Why “Grief”?
So last week we read the “Experiencing Grief” by Stephen Levine. According to Levine, we don’t grieve only when we have lost someone (if only if were that simple, he says), but more or less constantly in our daily lives through our self-doubt, our “not-enoughness.”
This is all well and good, but some people didn’t buy it. Why “grief”? they asked? Grief is over loss, not angst. Why should we regard our fears and self-judgments specifically as grief?
I’ve been thinking about this. What goes on when I’m caught in some downer belief, like “I’m a loser”? Well, that belief carries with it a sense of doom and irrevocability. It seems like a permanent state. There’s also an underlying and unacknowledged sense of blame: if only circumstances had been different, I wouldn’t be such a loser.
If only my parents had been more understanding, I would be less neurotic. If only I’d gotten my mother’s wavy hair and my father’s lean face, instead of my father’s straight hair and my mother’s round face, I would be so much better looking! If only I’d had nicer elementary school teachers instead the judgmental harridans I got. And so on.

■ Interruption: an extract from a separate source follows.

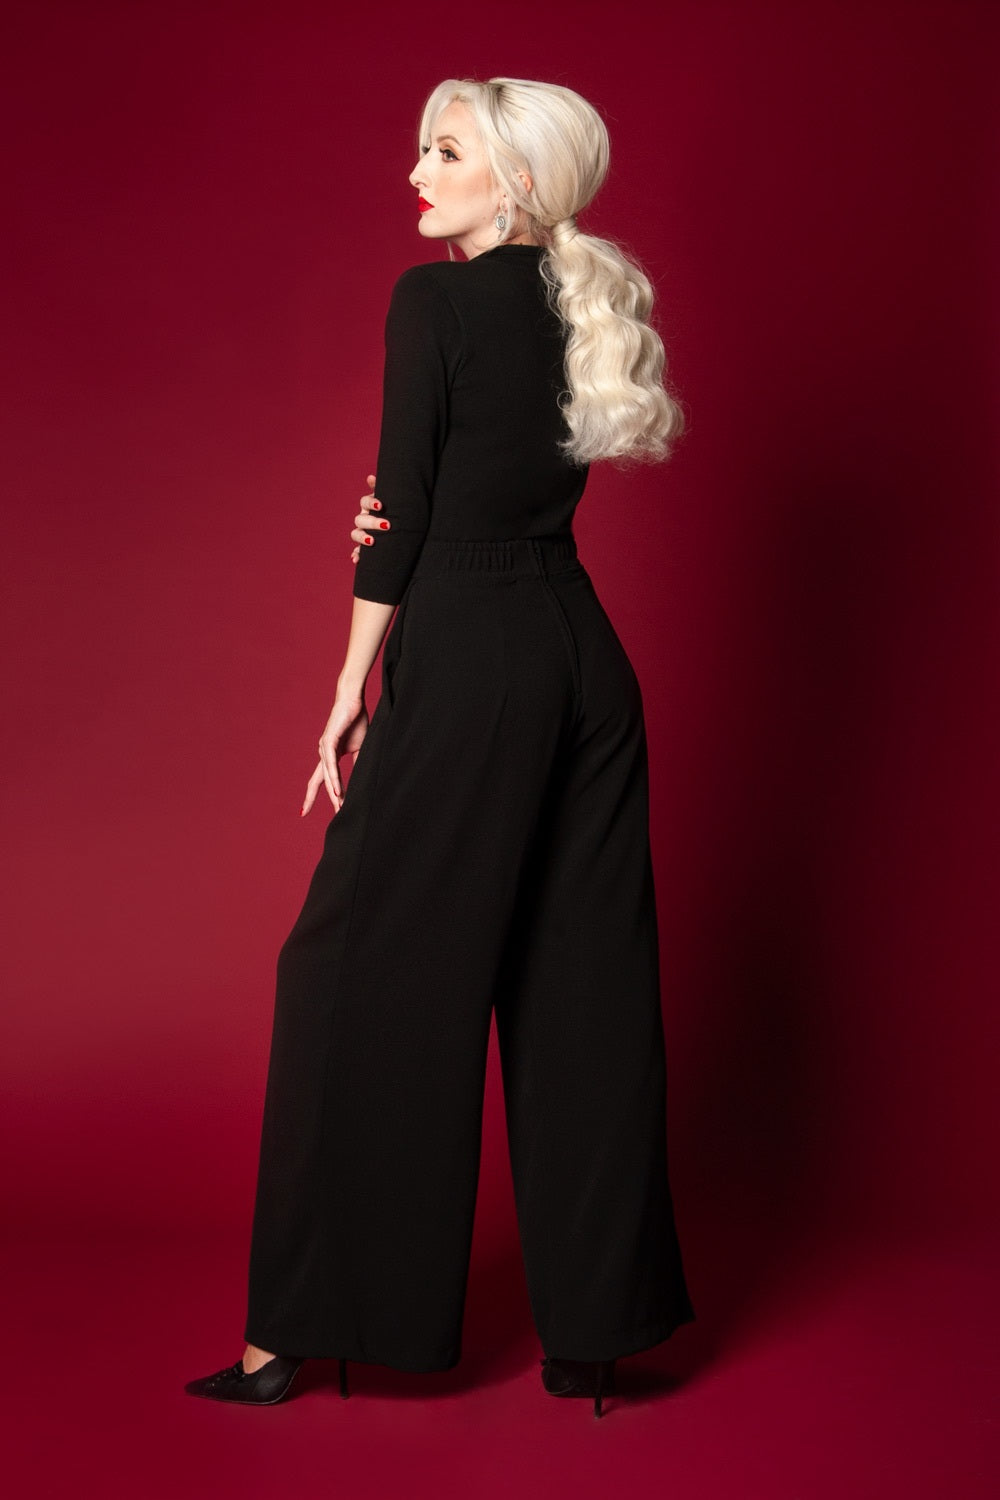 Laura Byrnes California Doris Pants in Black with 32" Inseam

These more favorable circumstances never came to pass, of course, so I experience them as loss, permanent, irrevocable loss, like death. That’s why “grief.”
But it’s really an almost fake grief, because it’s totally dependent on my belief in the might-have-been world, which doesn’t exist, didn’t exist, and frankly we don’t know if it could have existed, really. What I experience and feel is real enough, but what lies underneath is illusion. Levine writes, “Examining what we feel, not analyzing why, we discover the labyrinthine patterns of our grief and unfinished business, the skeletons of so many moments of life which became lost by the wayside. And the darkness of a thousand moments of helplessness and hopelessness is illuminated in a clear and merciful awareness.” Grief, as he puts it, is workable. I can see that now.
If only I’d had this answer ready for people last Wednesday. : )
This is so good, Annie! This has been one of my favorites of our readings. The thought that grief is workable, in this moment, is such a relief.